● **DATASET CONTENT**:
_____
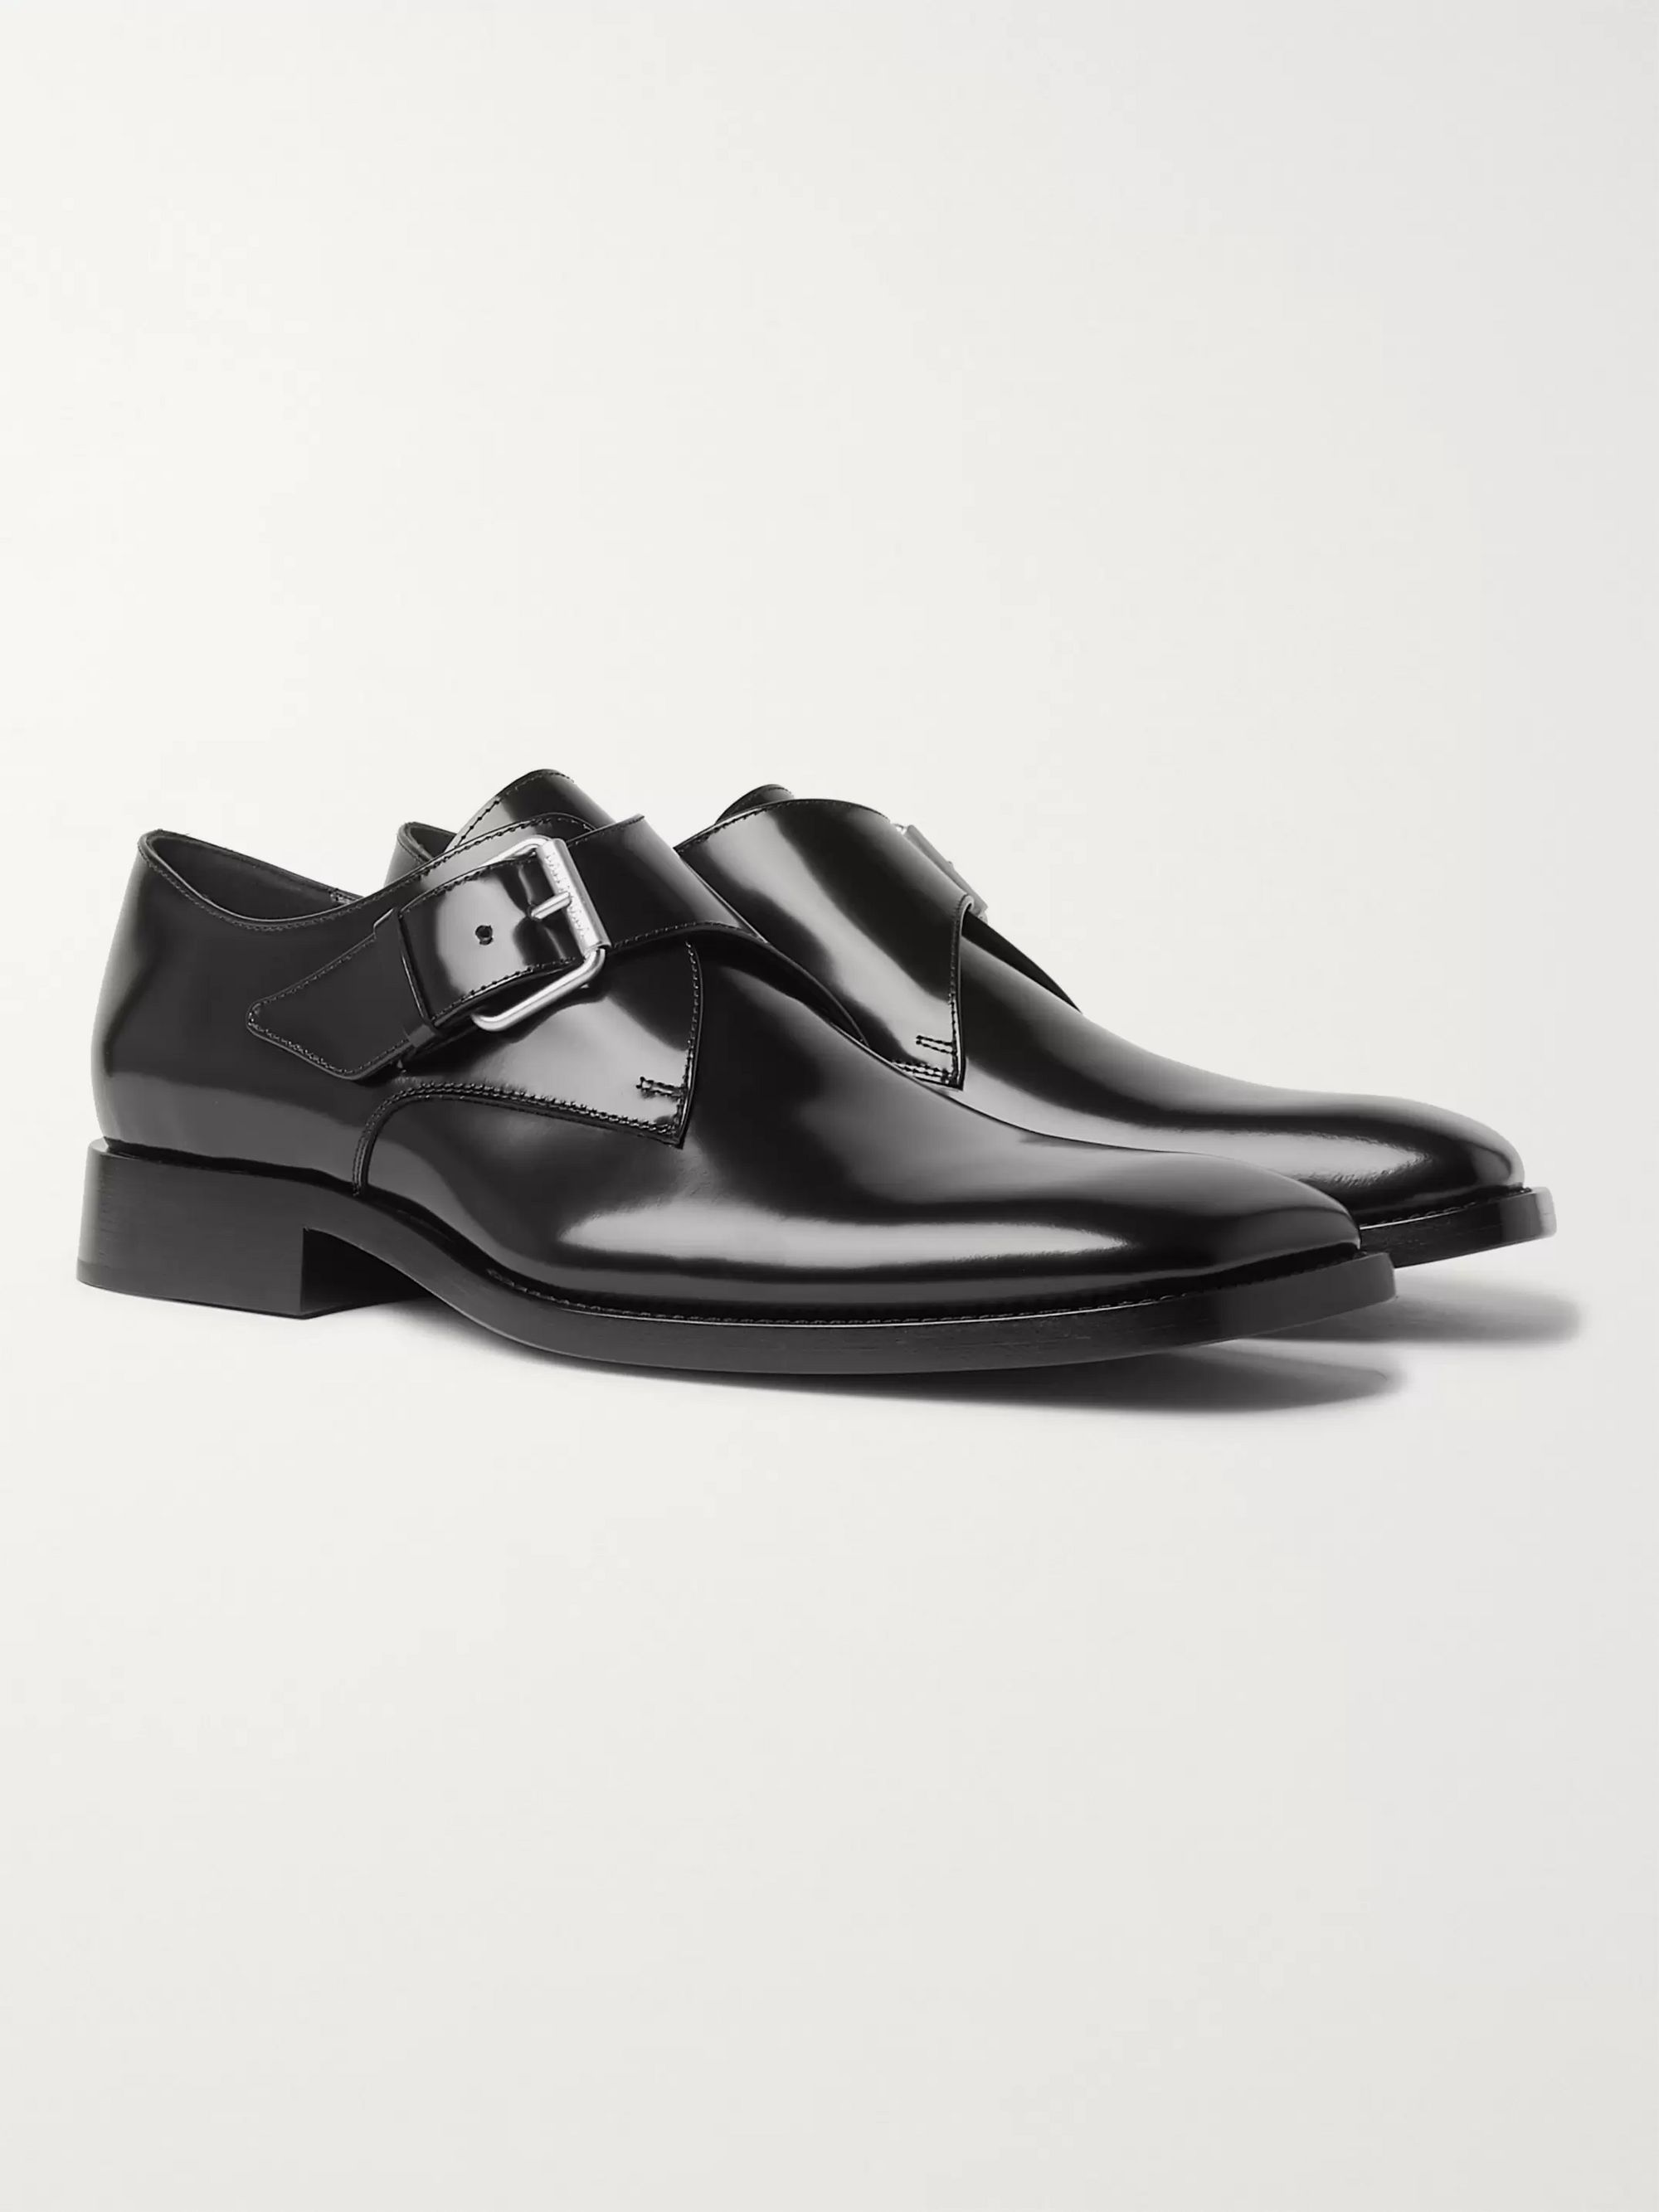 Black Patent-Leather Monk-Strap Shoes 
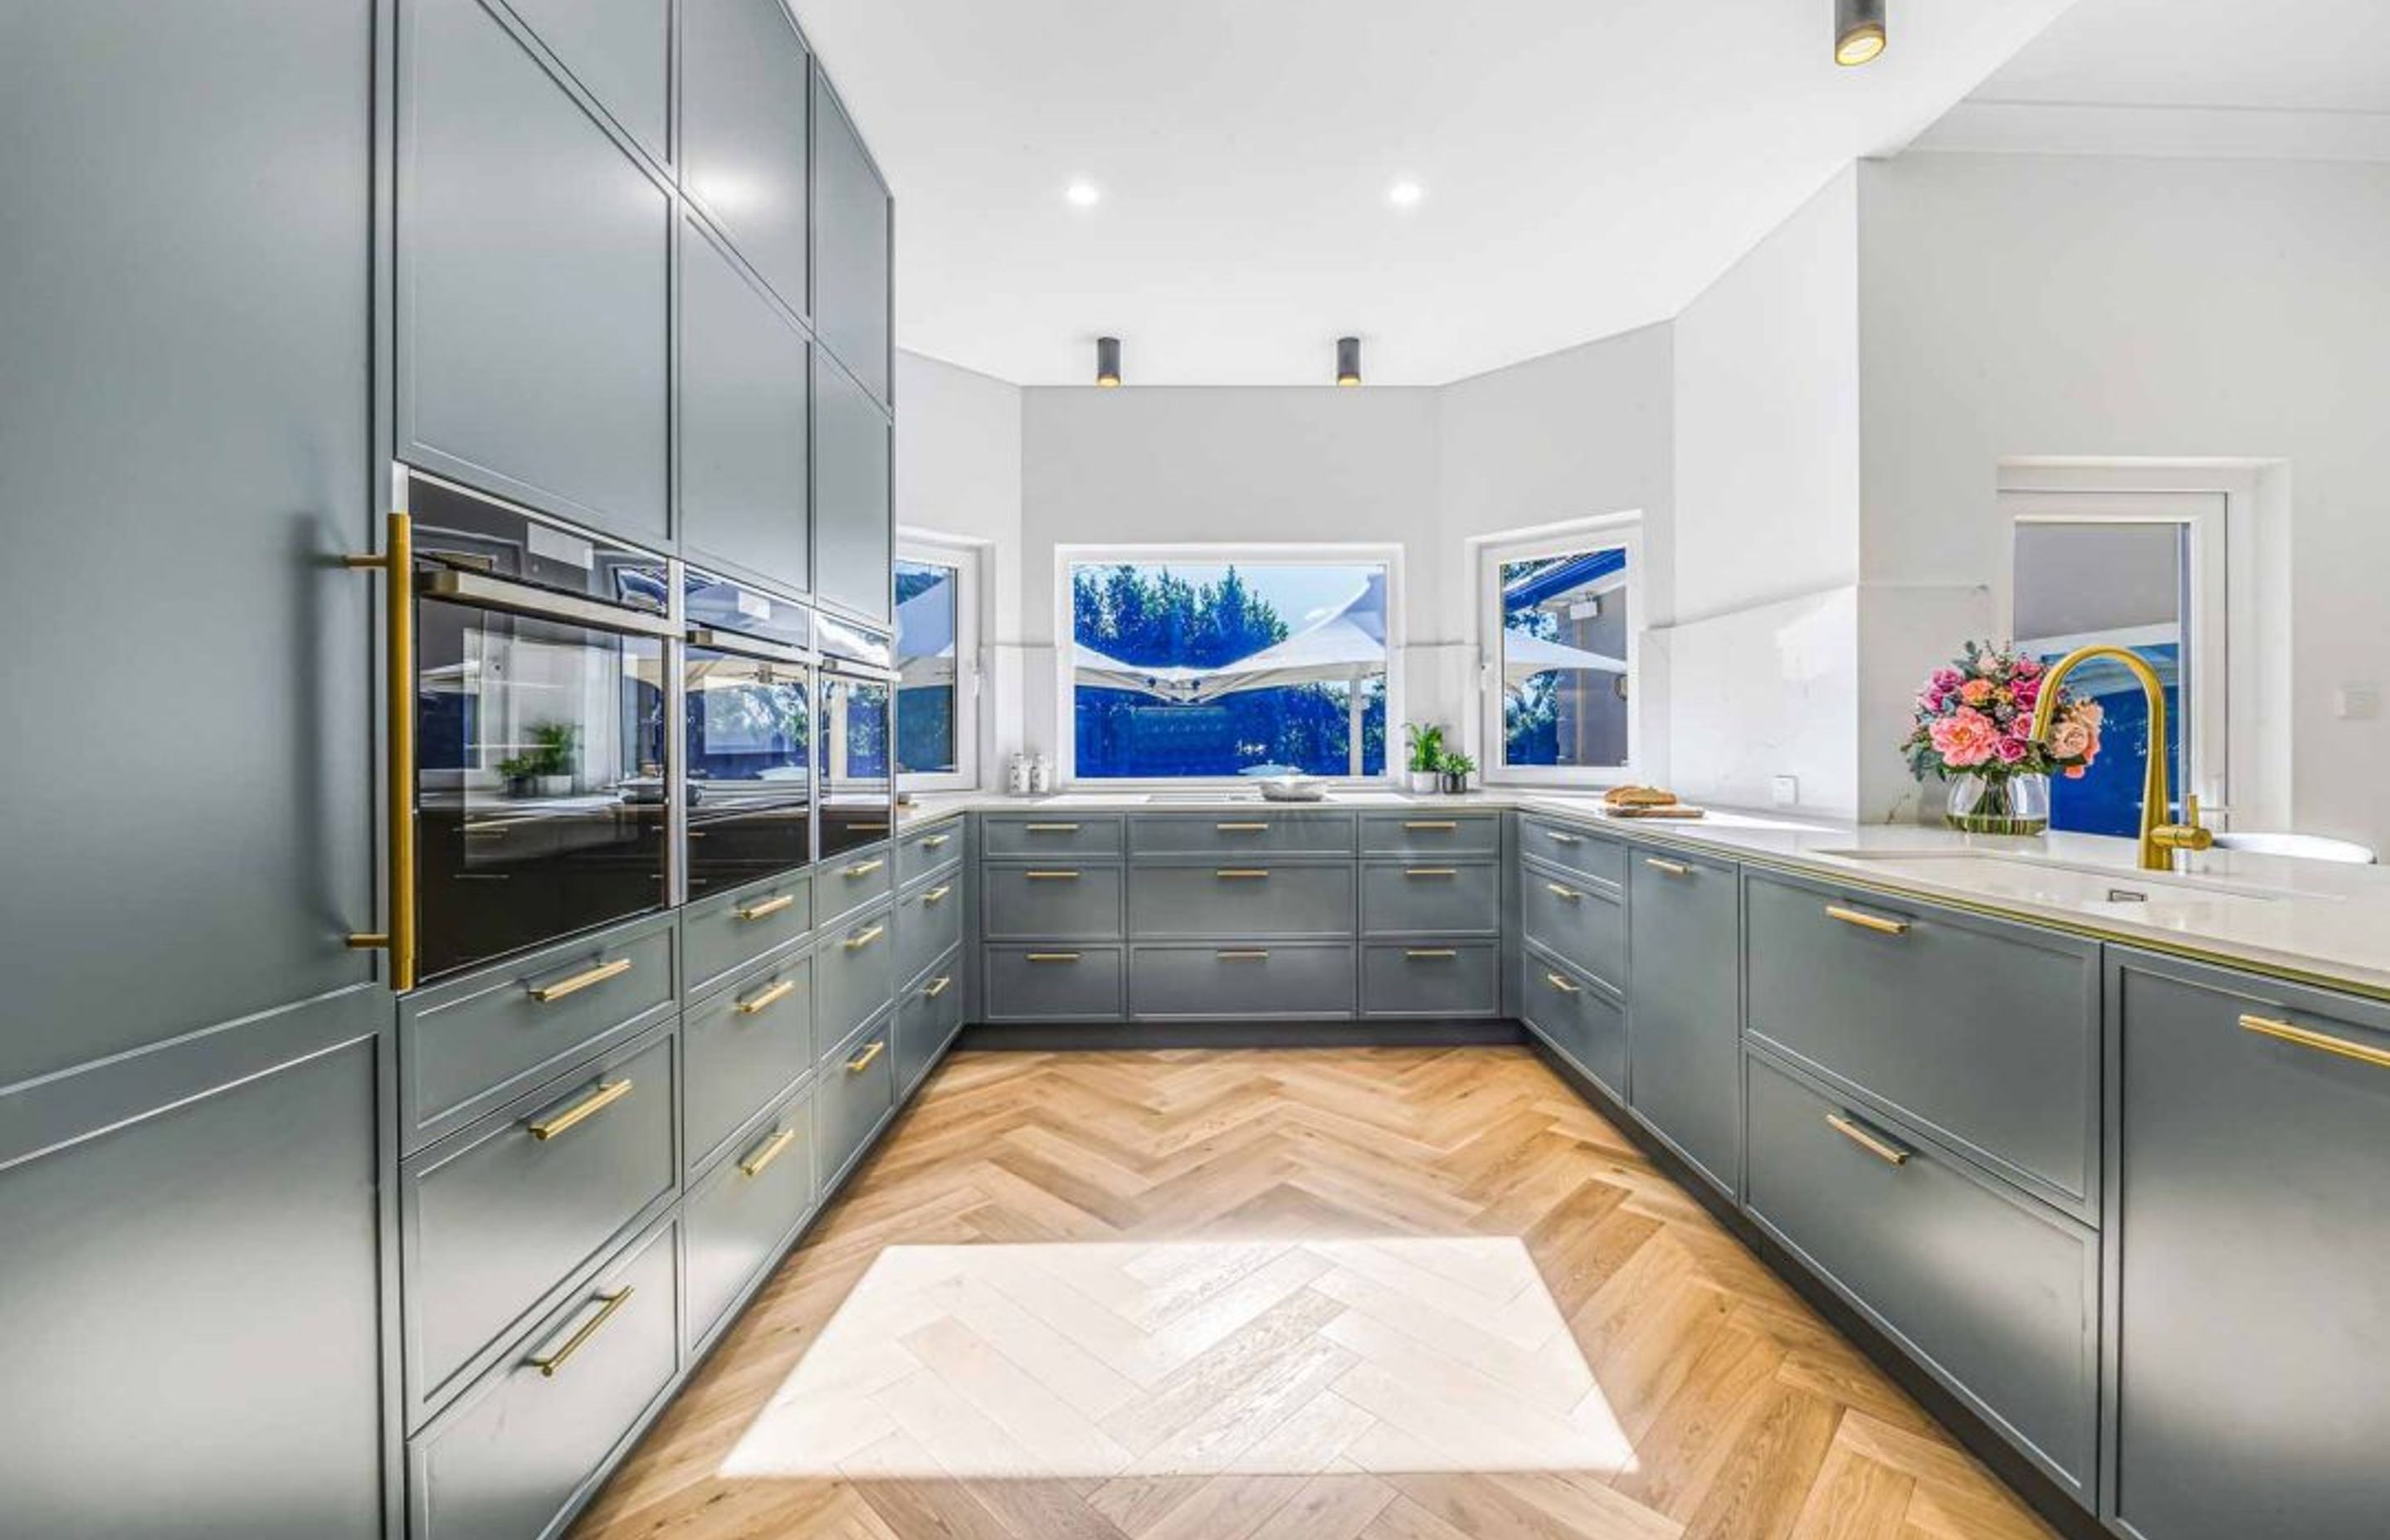 modern-luxury-kitchen-design-premier-kitchens-stone-benchtop-renovations-neff-appliances-2-gold-handles-grey-paint-1084x721.jpg
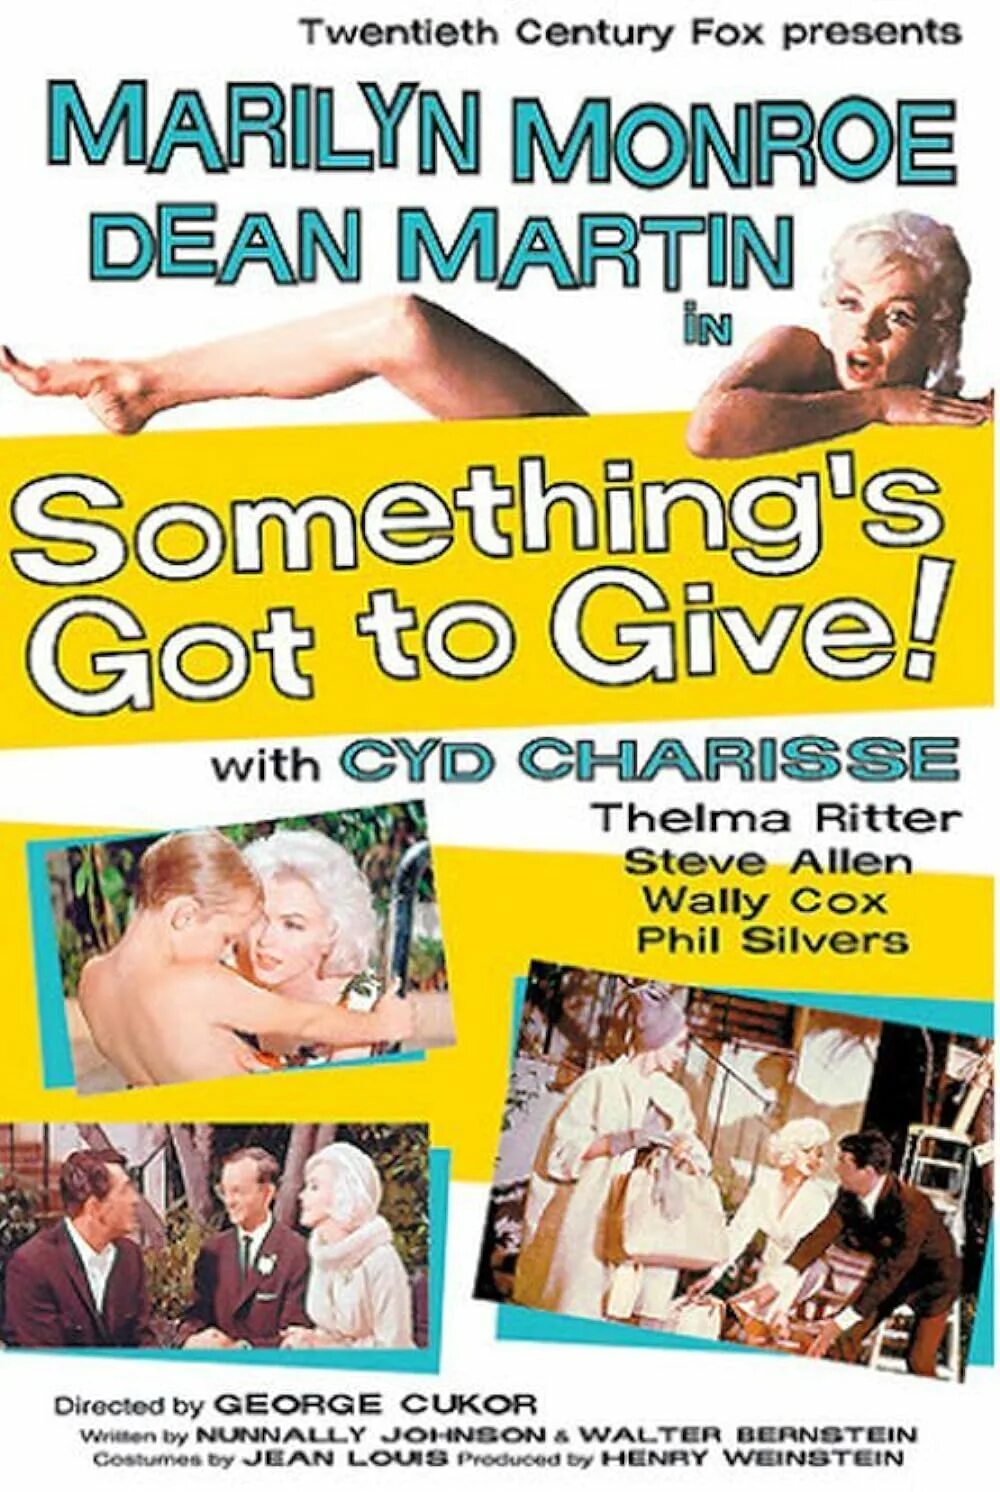 Something got to give. Something's got to give 1962. 1962 Что-то должно случиться. Marilyn Monroe something's got to give.
_____
● **WHAT TO DO**:
Drop the images and repeat the data exactly.

● **OUTPUT FOR THIS EXERCISE**:
 Black Patent-Leather Monk-Strap Shoes 
 modern-luxury-kitchen-design-premier-kitchens-stone-benchtop-renovations-neff-appliances-2-gold-handles-grey-paint-1084x721.jpg
 Something got to give. Something's got to give 1962. 1962 Что-то должно случиться. Marilyn Monroe something's got to give.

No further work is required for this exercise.